● **Task statement**
Repeat the stretch of entries below from the line with "Download Ölplattformplattform stock" through the line with "recond-recording-studio-website-template". Include both ends and add nothing.

◆ ◆ ◆ ◆

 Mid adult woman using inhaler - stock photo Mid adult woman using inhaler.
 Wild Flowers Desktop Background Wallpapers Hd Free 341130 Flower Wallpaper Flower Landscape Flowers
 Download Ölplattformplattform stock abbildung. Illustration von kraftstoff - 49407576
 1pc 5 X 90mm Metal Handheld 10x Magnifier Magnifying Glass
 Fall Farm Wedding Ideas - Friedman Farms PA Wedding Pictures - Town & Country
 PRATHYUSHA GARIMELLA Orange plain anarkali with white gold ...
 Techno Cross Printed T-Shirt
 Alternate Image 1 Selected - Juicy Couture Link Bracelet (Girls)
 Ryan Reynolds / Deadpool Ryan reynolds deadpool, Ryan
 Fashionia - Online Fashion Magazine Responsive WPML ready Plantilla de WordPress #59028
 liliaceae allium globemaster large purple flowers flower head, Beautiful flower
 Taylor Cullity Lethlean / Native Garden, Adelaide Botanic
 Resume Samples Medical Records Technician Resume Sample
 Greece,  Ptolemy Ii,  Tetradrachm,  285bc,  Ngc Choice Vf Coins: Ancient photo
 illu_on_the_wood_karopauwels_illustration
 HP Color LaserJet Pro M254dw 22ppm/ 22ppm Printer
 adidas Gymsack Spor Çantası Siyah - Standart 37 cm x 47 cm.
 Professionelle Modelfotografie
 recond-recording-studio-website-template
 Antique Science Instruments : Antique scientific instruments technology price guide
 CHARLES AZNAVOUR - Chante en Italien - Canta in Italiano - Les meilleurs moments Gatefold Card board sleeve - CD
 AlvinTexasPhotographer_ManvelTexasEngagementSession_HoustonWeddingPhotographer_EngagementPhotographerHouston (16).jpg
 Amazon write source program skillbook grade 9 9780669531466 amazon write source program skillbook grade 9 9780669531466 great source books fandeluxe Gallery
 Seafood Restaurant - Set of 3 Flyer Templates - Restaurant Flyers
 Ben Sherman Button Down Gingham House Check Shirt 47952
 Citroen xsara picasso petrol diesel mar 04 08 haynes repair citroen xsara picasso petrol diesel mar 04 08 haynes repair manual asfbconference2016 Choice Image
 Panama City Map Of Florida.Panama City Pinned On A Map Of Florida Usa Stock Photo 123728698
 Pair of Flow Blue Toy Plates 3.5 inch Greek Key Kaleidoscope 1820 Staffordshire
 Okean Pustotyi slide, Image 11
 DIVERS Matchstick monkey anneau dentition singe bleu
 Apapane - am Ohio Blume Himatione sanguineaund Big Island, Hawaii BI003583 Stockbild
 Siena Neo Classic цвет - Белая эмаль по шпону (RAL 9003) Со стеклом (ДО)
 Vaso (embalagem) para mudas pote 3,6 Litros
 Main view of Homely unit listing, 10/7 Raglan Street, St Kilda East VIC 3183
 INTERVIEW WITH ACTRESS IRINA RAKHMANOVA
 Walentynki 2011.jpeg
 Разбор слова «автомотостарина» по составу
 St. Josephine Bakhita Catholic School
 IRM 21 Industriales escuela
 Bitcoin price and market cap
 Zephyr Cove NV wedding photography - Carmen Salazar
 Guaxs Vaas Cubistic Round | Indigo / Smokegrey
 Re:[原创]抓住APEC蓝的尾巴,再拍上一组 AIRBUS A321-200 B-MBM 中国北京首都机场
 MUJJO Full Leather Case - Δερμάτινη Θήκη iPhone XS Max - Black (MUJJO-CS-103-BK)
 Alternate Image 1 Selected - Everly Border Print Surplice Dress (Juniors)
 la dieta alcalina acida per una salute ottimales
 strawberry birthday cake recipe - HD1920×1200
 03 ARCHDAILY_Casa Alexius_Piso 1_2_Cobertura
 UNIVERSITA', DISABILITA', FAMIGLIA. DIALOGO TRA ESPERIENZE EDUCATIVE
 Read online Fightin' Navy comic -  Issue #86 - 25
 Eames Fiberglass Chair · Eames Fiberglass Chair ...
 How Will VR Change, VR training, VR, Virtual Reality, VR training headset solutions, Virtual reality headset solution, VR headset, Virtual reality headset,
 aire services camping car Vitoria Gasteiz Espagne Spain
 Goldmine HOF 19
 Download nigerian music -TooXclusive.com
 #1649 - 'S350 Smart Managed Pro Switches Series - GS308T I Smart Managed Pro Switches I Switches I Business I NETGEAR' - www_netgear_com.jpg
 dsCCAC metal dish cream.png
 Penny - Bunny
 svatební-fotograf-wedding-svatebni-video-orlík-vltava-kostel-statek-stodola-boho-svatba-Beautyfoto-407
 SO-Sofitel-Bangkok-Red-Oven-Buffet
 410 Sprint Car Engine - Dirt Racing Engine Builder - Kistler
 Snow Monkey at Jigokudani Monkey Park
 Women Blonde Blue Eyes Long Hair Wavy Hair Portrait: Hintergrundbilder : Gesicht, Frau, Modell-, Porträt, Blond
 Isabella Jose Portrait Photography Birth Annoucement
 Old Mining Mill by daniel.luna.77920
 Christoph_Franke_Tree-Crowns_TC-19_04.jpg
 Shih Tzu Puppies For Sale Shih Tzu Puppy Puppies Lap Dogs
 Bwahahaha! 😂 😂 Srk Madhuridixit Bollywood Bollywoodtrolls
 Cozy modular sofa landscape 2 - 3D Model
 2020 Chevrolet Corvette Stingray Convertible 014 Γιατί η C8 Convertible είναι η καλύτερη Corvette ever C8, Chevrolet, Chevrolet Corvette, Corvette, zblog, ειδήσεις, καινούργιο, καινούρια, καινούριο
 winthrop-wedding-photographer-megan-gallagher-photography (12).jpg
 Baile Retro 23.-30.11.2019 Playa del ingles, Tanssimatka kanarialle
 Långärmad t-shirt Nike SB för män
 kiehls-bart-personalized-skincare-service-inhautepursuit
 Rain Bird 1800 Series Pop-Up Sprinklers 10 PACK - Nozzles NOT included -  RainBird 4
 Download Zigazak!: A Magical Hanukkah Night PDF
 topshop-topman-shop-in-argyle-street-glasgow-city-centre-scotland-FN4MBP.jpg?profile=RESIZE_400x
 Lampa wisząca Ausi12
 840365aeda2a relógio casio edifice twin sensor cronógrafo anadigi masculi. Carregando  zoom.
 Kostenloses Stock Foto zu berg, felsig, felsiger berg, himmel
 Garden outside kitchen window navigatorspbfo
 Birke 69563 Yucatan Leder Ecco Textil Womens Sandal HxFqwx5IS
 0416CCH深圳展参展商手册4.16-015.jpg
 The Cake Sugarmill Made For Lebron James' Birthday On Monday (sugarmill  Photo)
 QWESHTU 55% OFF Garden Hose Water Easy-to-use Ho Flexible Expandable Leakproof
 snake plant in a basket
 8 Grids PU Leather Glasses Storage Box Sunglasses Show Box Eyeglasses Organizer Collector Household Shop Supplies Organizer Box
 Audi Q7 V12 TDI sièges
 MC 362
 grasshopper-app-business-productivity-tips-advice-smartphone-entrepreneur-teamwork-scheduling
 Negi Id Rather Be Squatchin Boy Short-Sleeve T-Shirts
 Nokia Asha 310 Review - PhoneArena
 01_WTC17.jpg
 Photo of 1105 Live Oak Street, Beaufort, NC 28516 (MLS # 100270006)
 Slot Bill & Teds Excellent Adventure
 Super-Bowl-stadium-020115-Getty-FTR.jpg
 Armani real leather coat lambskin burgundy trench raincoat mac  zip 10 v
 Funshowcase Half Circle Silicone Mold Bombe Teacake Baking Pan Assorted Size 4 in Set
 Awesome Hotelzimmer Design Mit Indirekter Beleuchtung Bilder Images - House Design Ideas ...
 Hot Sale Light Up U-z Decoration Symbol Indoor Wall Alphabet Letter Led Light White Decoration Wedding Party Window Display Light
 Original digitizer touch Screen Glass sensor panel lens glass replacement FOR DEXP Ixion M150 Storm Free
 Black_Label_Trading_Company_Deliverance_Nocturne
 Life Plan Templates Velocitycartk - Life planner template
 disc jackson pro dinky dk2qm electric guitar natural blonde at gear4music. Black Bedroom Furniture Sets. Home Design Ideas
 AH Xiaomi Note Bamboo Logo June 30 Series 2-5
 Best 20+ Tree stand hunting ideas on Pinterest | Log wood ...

◆ ◆ ◆ ◆

● **Solution below**
 Download Ölplattformplattform stock abbildung. Illustration von kraftstoff - 49407576
 1pc 5 X 90mm Metal Handheld 10x Magnifier Magnifying Glass
 Fall Farm Wedding Ideas - Friedman Farms PA Wedding Pictures - Town & Country
 PRATHYUSHA GARIMELLA Orange plain anarkali with white gold ...
 Techno Cross Printed T-Shirt
 Alternate Image 1 Selected - Juicy Couture Link Bracelet (Girls)
 Ryan Reynolds / Deadpool Ryan reynolds deadpool, Ryan
 Fashionia - Online Fashion Magazine Responsive WPML ready Plantilla de WordPress #59028
 liliaceae allium globemaster large purple flowers flower head, Beautiful flower
 Taylor Cullity Lethlean / Native Garden, Adelaide Botanic
 Resume Samples Medical Records Technician Resume Sample
 Greece,  Ptolemy Ii,  Tetradrachm,  285bc,  Ngc Choice Vf Coins: Ancient photo
 illu_on_the_wood_karopauwels_illustration
 HP Color LaserJet Pro M254dw 22ppm/ 22ppm Printer
 adidas Gymsack Spor Çantası Siyah - Standart 37 cm x 47 cm.
 Professionelle Modelfotografie
 recond-recording-studio-website-template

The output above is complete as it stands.